Alternatively you can review and apply these changes as the patch at:

    https://github.com/apache/flink/pull/6308.patch

To close this pull request, make a commit to your master/trunk branch
with (at least) the following in the commit message:

    This closes #6308
    
----
commit 5e44f759342793f4532e99f8df589c2416402176
Author: Stefan Richter <s....@...>
Date:   2018-07-11T09:11:11Z

    [FLINK-9799][state] Generalize and unify state meta infos

----


---

[GitHub] flink pull request #6308: [FLINK-9799] Generalize and unify state meta info ...

Posted by StefanRRichter <gi...@git.apache.org>.
Github user StefanRRichter commented on a diff in the pull request:

    https://github.com/apache/flink/pull/6308#discussion_r202047403
  
    --- Diff: flink-runtime/src/test/java/org/apache/flink/runtime/state/SerializationProxiesTest.java ---
    @@ -126,11 +131,11 @@ public void testKeyedBackendSerializationProxyRoundtripWithSerializerSerializati
     		Assert.assertTrue(serializationProxy.getKeySerializer() instanceof UnloadableDummyTypeSerializer);
     		Assert.assertEquals(keySerializer.snapshotConfiguration(), serializationProxy.getKeySerializerConfigSnapshot());
     
    -		for (RegisteredKeyedBackendStateMetaInfo.Snapshot<?, ?> meta : serializationProxy.getStateMetaInfoSnapshots()) {
    -			Assert.assertTrue(meta.getNamespaceSerializer() instanceof UnloadableDummyTypeSerializer);
    -			Assert.assertTrue(meta.getStateSerializer() instanceof UnloadableDummyTypeSerializer);
    -			Assert.assertEquals(namespaceSerializer.snapshotConfiguration(), meta.getNamespaceSerializerConfigSnapshot());
    -			Assert.assertEquals(stateSerializer.snapshotConfiguration(), meta.getStateSerializerConfigSnapshot());
    +		for (StateMetaInfoSnapshot meta : serializationProxy.getStateMetaInfoSnapshots()) {
    --- End diff --
    
    👍 Good point


---

[GitHub] flink issue #6308: [FLINK-9799] Generalize and unify state meta info snapsho...

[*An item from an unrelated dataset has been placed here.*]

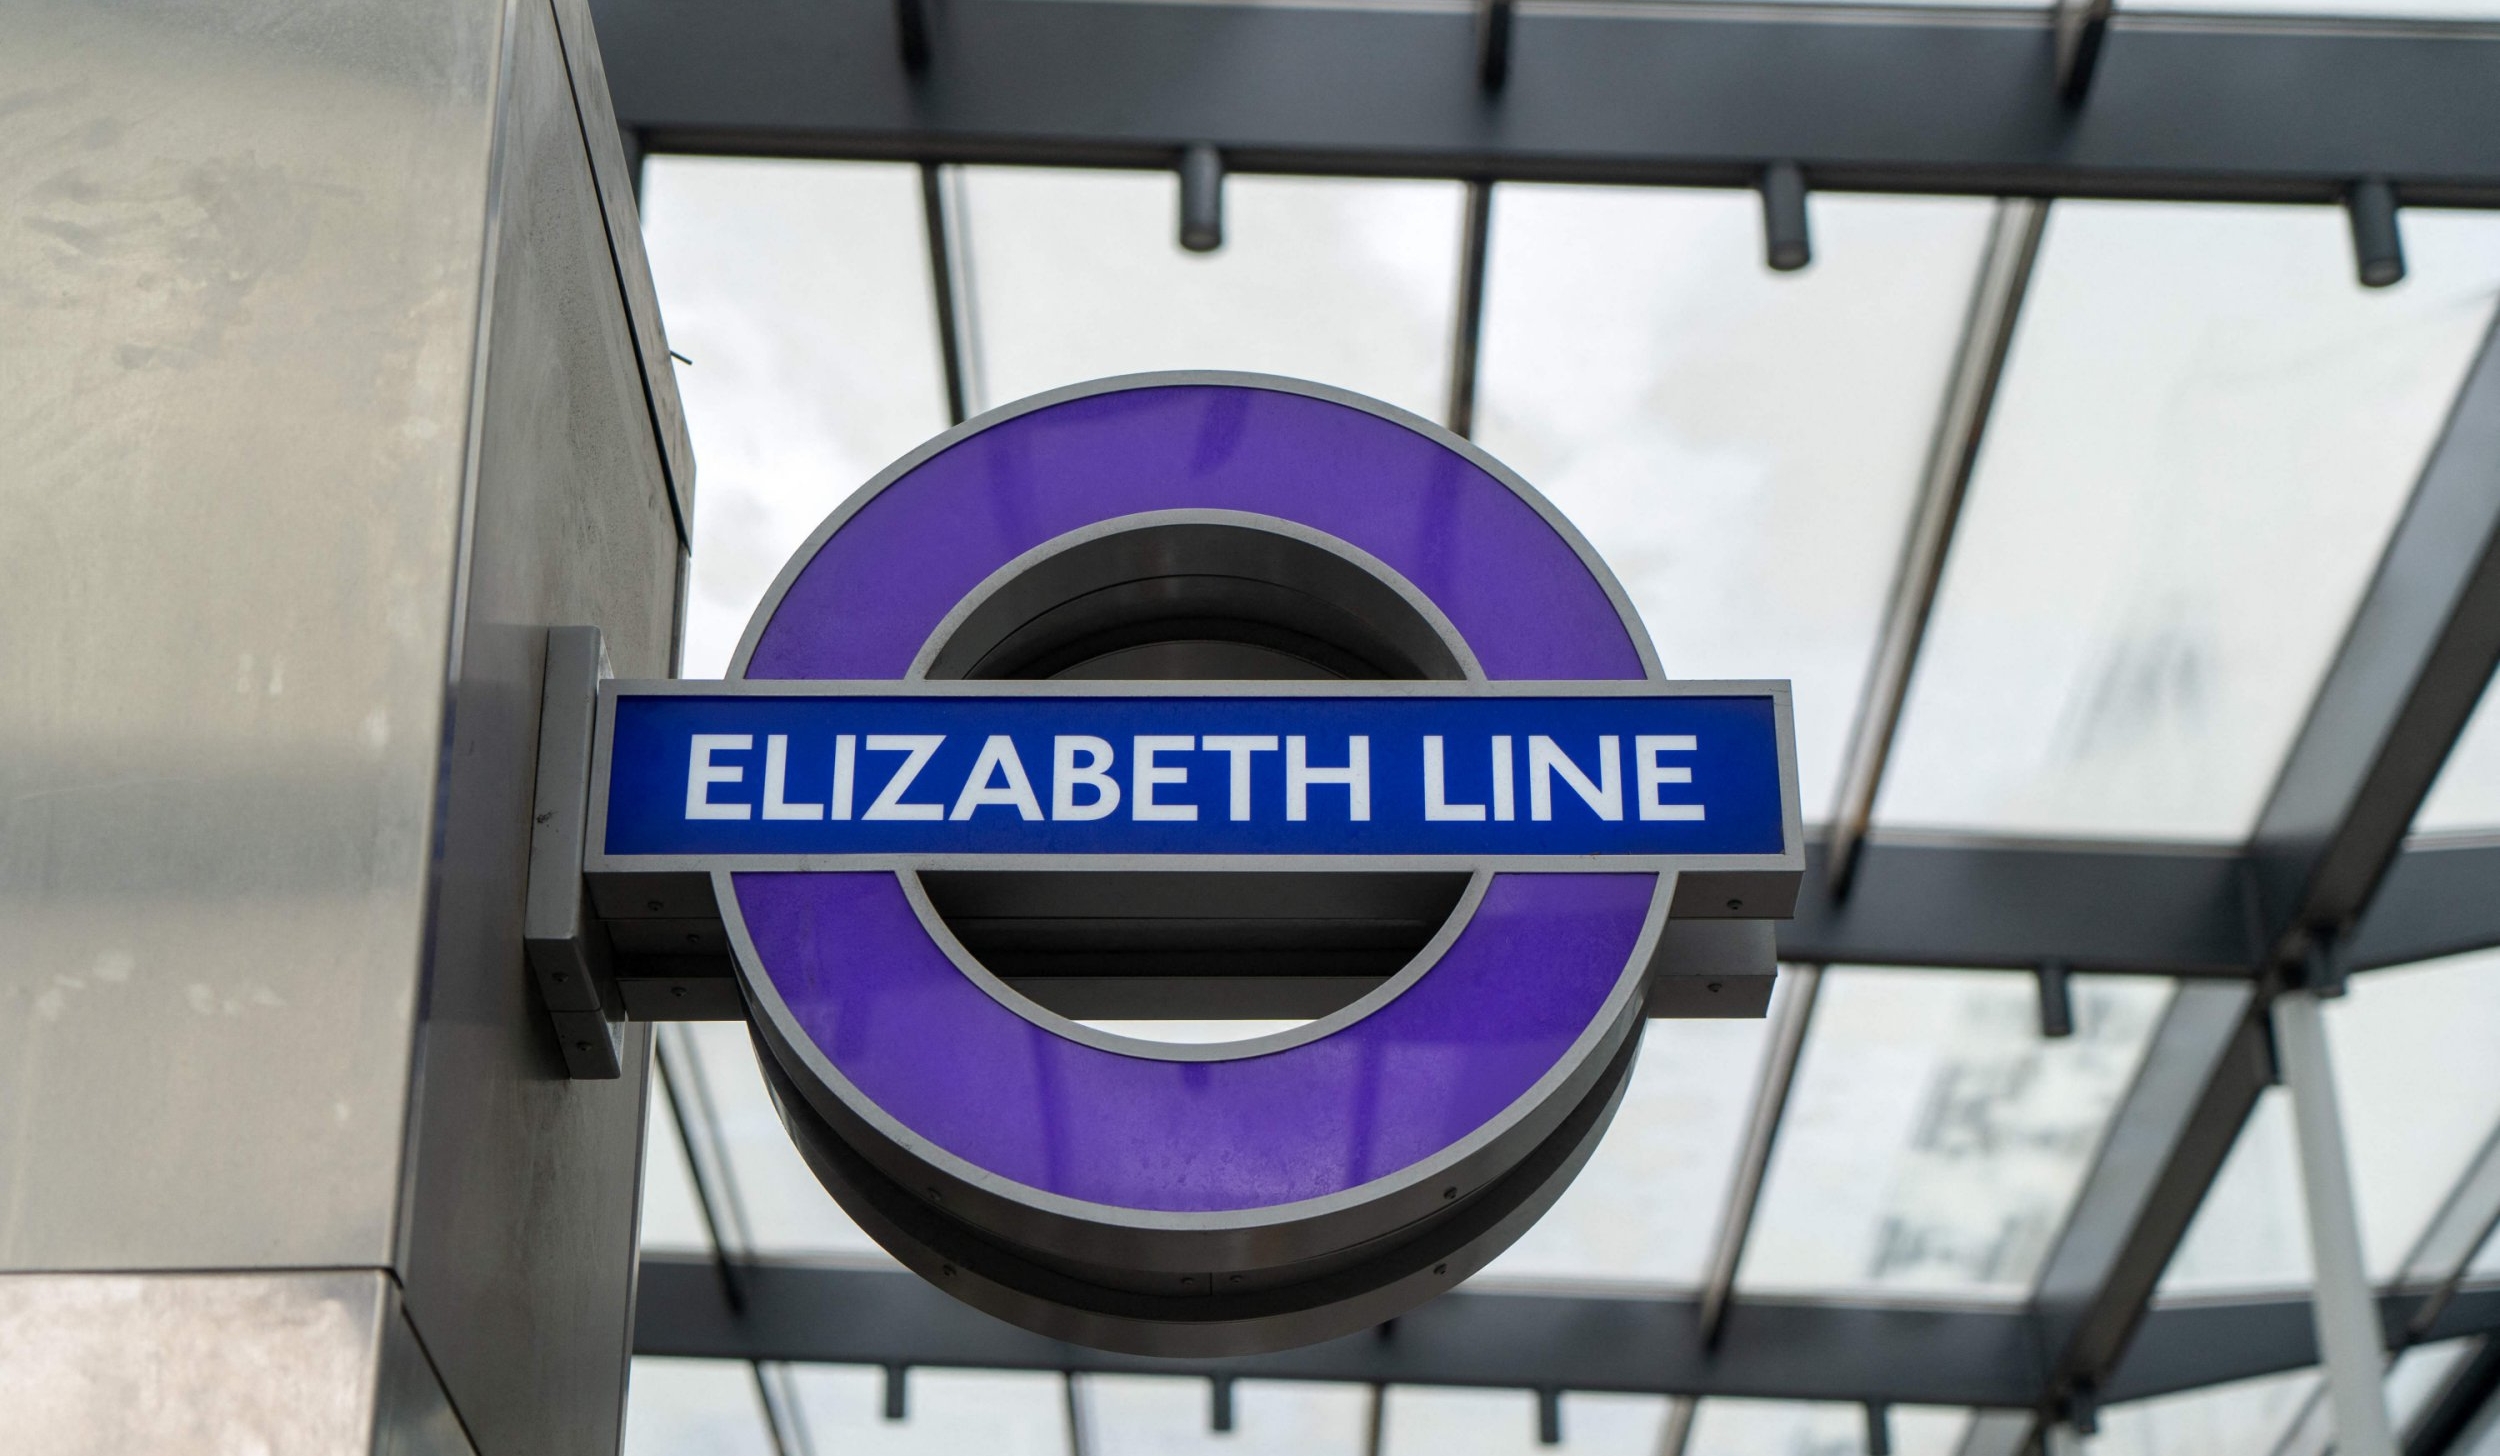 Signs for Transport for London's new Elizabeth Line are pictured at Paddington Station in London on March 13, 2022, before a test run of a train between Paddington station and Woolwich station and back. - The Elizabeth Line, named after Britain's reigning monarch Queen Elizabeth II, has been decades in the planning and making and seeks to add 10 percent to central London's creaking rail capacity. Once opened, Crossrail will run from Reading and Heathrow in the west to Shenfield and Abbey Wood in the east, via 13 miles of new tunnels in central London. (Photo by Niklas HALLE'N / AFP) (Photo by NIKLAS HALLE'N/AFP via Getty Images)

Posted by StefanRRichter <gi...@git.apache.org>.
Github user StefanRRichter commented on the issue:

    https://github.com/apache/flink/pull/6308
  
    CC @azagrebin 


---

[GitHub] flink pull request #6308: [FLINK-9799] Generalize and unify state meta info ...

Posted by sihuazhou <gi...@git.apache.org>.
Github user sihuazhou commented on a diff in the pull request:

    https://github.com/apache/flink/pull/6308#discussion_r201778299
  
    --- Diff: flink-runtime/src/main/java/org/apache/flink/runtime/state/KeyedBackendSerializationProxy.java ---
    @@ -98,8 +103,7 @@ public int getVersion() {
     
     	@Override
     	public int[] getCompatibleVersions() {
    -		// we are compatible with version 3 (Flink 1.3.x) and version 1 & 2 (Flink 1.2.x)
    -		return new int[] {VERSION, 3, 2, 1};
    +		return new int[]{VERSION, 4, 3, 2, 1};
    --- End diff --
    
    nit: miss a ' ' between '[]' and '{'.


---

[GitHub] flink pull request #6308: [FLINK-9799] Generalize and unify state meta info ...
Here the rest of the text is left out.